Can Childrens Poor Eating Habits Lead To Nutrient Gaps?
Researchers at Purdue University have noted that adolescent and food-insecure children are at the greatest risk of having nutrient gaps because of their eating habits.
For the study, Heather Eicher-Miller, PhD and colleagues reviewed selected research on nutrient gaps in children over the last 10 years. The nutrient gaps were determined by a complete dietary assessment so they could gauge what children were missing in their diets.
They also took a look at research conducted on children in food-insecure or food-insufficient households. Many of these children were also found to be at high risk but more nationally representative studies need to be conducted for this group. The group of U.S. children categorized as food insecure includes children who are often skipping meals or consuming low-energy meals.

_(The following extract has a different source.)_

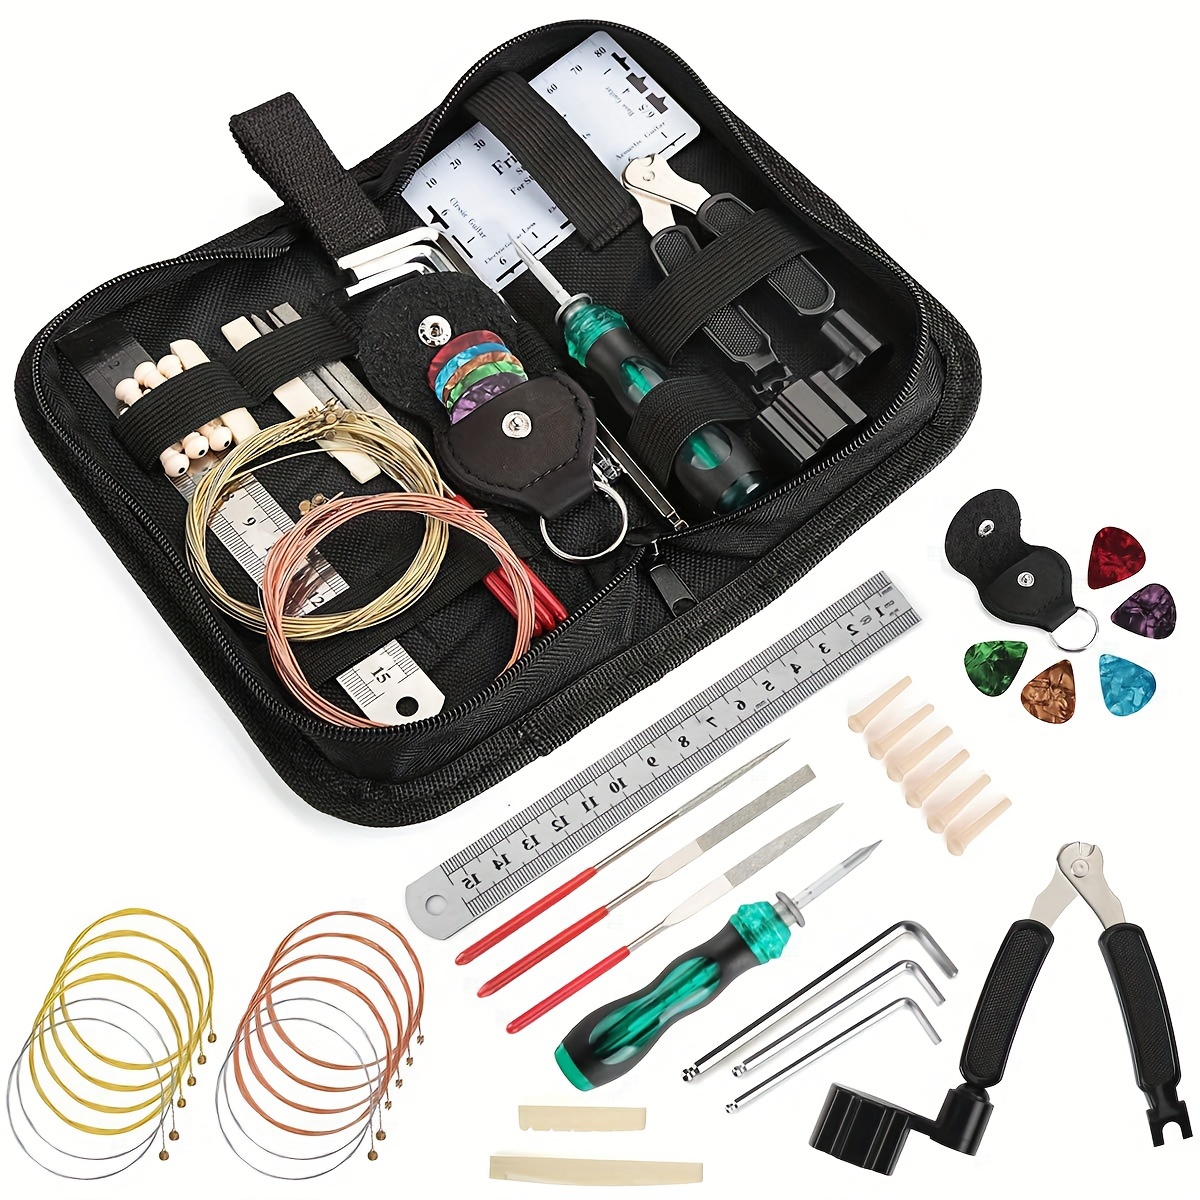 

Guitar Repair Kit Set - String Changing Tool, Tuning Wrench, File, Ruler, And Accessory Bag - Perfect Gift For Musicians And Guitar Enthusiasts

Food insecurity is represented in 14.3 percent of all U.S. households and the national goal is to reduce it to 6 percent by 2020.

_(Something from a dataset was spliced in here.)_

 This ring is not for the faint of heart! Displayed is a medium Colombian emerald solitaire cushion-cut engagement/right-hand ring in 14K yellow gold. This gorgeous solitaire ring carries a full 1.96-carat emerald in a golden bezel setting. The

The research found U.S. children exhibited the following nutrient gaps:
0-12 months: Missing such essential vitamins as D and E
1-3 years: Missing vitamins D, E, K and fiber
4-8 years: Missing vitamin E and K
9-13 years: Females showed nutrient gaps in vitamin A, D, E and K but also in magnesium and potassium while males were deficient in vitamins D and E.

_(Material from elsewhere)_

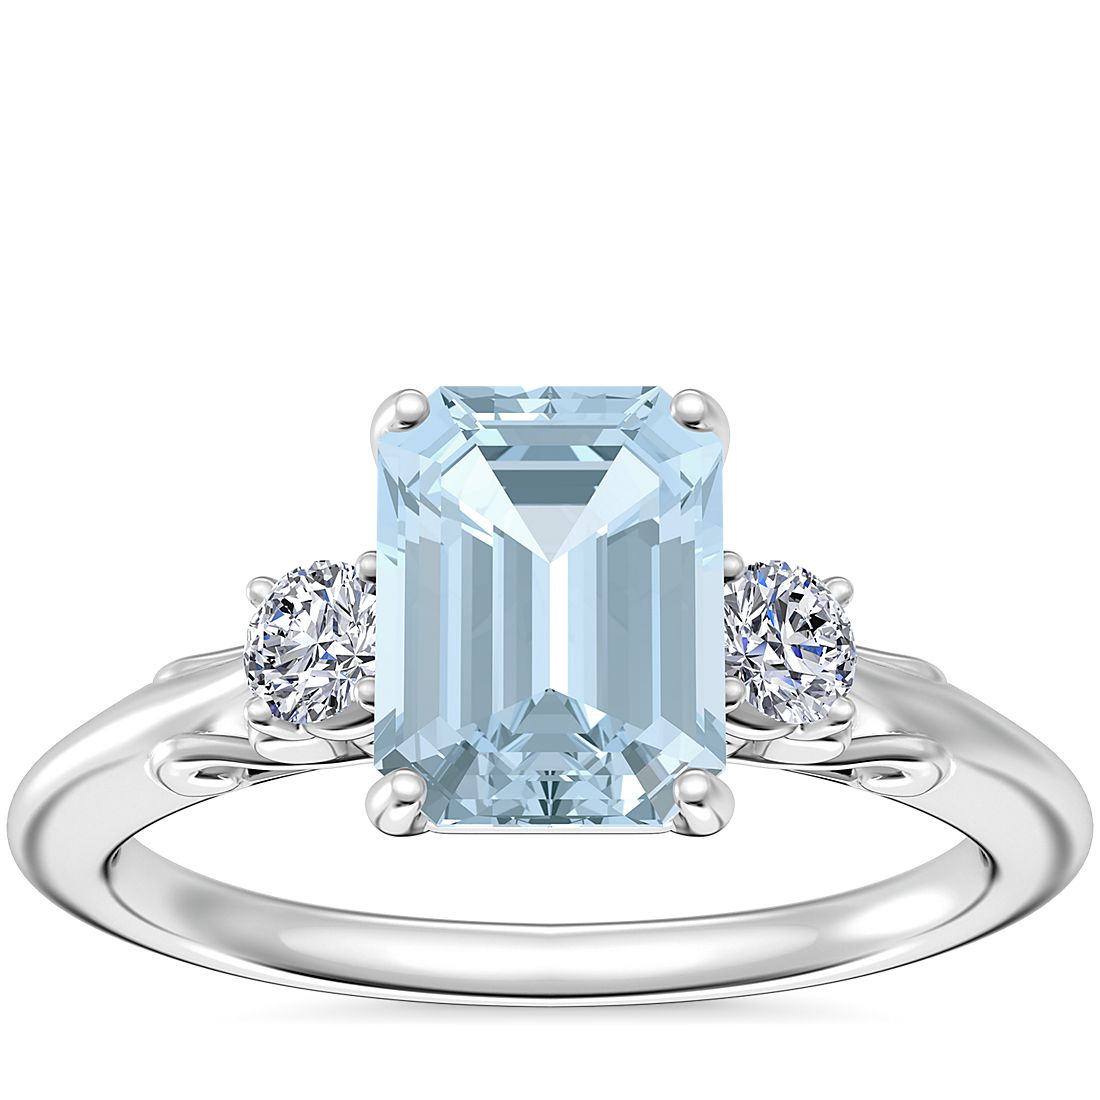 Vintage Three Stone Engagement Ring with Emerald-Cut Aquamarine in 14k White Gold (8x6mm)

14-18 years: Females missing vitamins A, C, D, E as well as zinc, potassium, magnesium and calcium while males were deficient in A, C, D, E, calcium and magnesium.
Improving The Nutrients
Theres a lot of opportunity for improving the nutrients of U.S. children, said Heather Eicher-Miller, PhD. of Purdue University. Adolescents are most at risk because in that age stage theres more independent choice in food as they are not relying on parents to make their dietary choices and because of their increased growth, they could suffer the consequences for having nutrient gaps. Supplements could be more effective if used in the older age group, but there are other groups who may benefit from supplements as well. Supplement use is higher among children who are already eating a good diet and whose parents are higher income and have more resources, but they may be missing the group who needs them most and have the most disparities.